白璃是陳澤的女朋友,按道理,她應該站在陳澤的一邊。
可是看著陳澤被不勝其擾的樣子,她有點想要笑,彆人求都求不來的好事,她這男朋友倒好,唯恐避之不及。
有那麼怕人嗎?
有,還真有。
“大意了,早知道會讓這幫披著學術的官僚,如同聞到了血腥味的鯊魚似的,一股腦的衝過來,要是換個論文題目就好了。
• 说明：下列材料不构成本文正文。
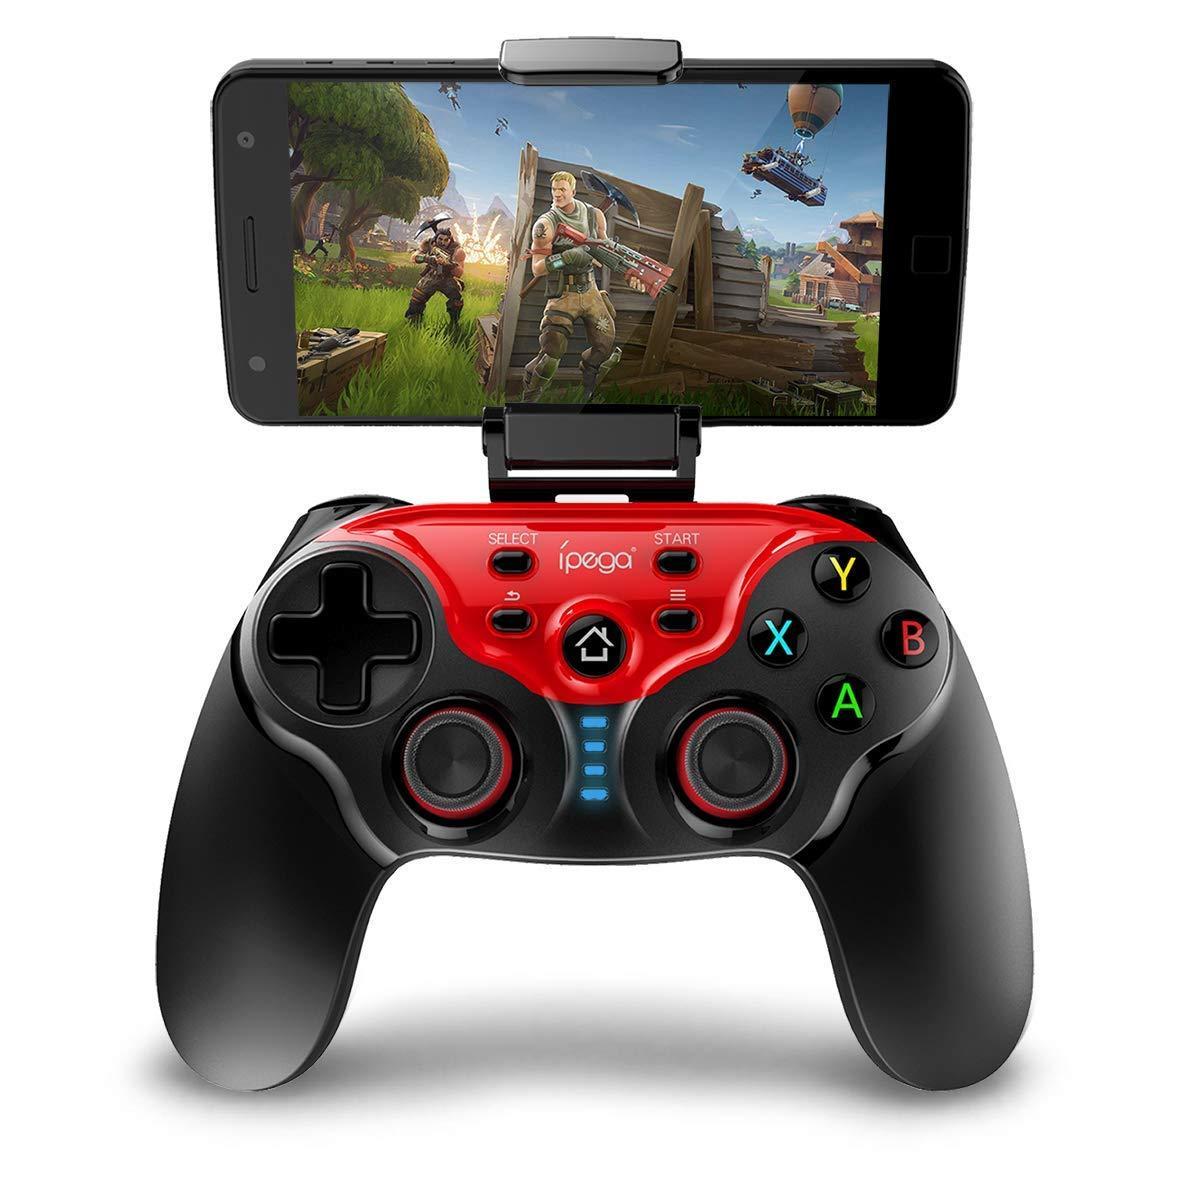 IPEGA 9088 - Mobile Bluetooth Gaming Joystick Handle Controller Gamepad For Playing PUBG Game IOS/

”
陳澤不想在學校裡繼續待上好幾年。
求學,對他來說毫無意義。
至於說管理,本來就會的東西,為什麼要去學?
再說了,管理真正的高端局,不是手段和能力,而是眼界和圈子,什麼樣的圈子,證明你能接受什麼樣的理念。
就像是小作坊,用什麼‘5s、‘6s’之類的管理方法,都沒什麼用。
就兩三個工人,工資才是核心,才是關鍵。
隻有付出最低的工資,得到最高的產量,才是老板目的。
而低工資和高負荷,必然引起工人怨氣,甚至一言不合就和老板乾架的員工大有人在,這時候談管理,不是扯淡嗎?
可以說,陳澤的人生,從成年開始,任何一個節點停止,都是完美的。
因為他跳過了艱苦奮鬥的過程,直接可以享受人生了。
不出意外的話,還是出了意外。
京大的一幫官僚,從陳澤的文章上嗅到名利,潑天的名利。
八十年代,當龐加萊猜想的研究陷入停滯的時候,無數的數學家冥思苦想,都無法從拓撲學中,找到開啟龐加萊猜想的答案。
其中有一個數學家瑟斯頓,將龐加萊猜想的證明之中,引入了幾何工具,用集合切割的辦法,切割三維流形,從而將龐加萊猜想的證明,推進到了一個新的高度。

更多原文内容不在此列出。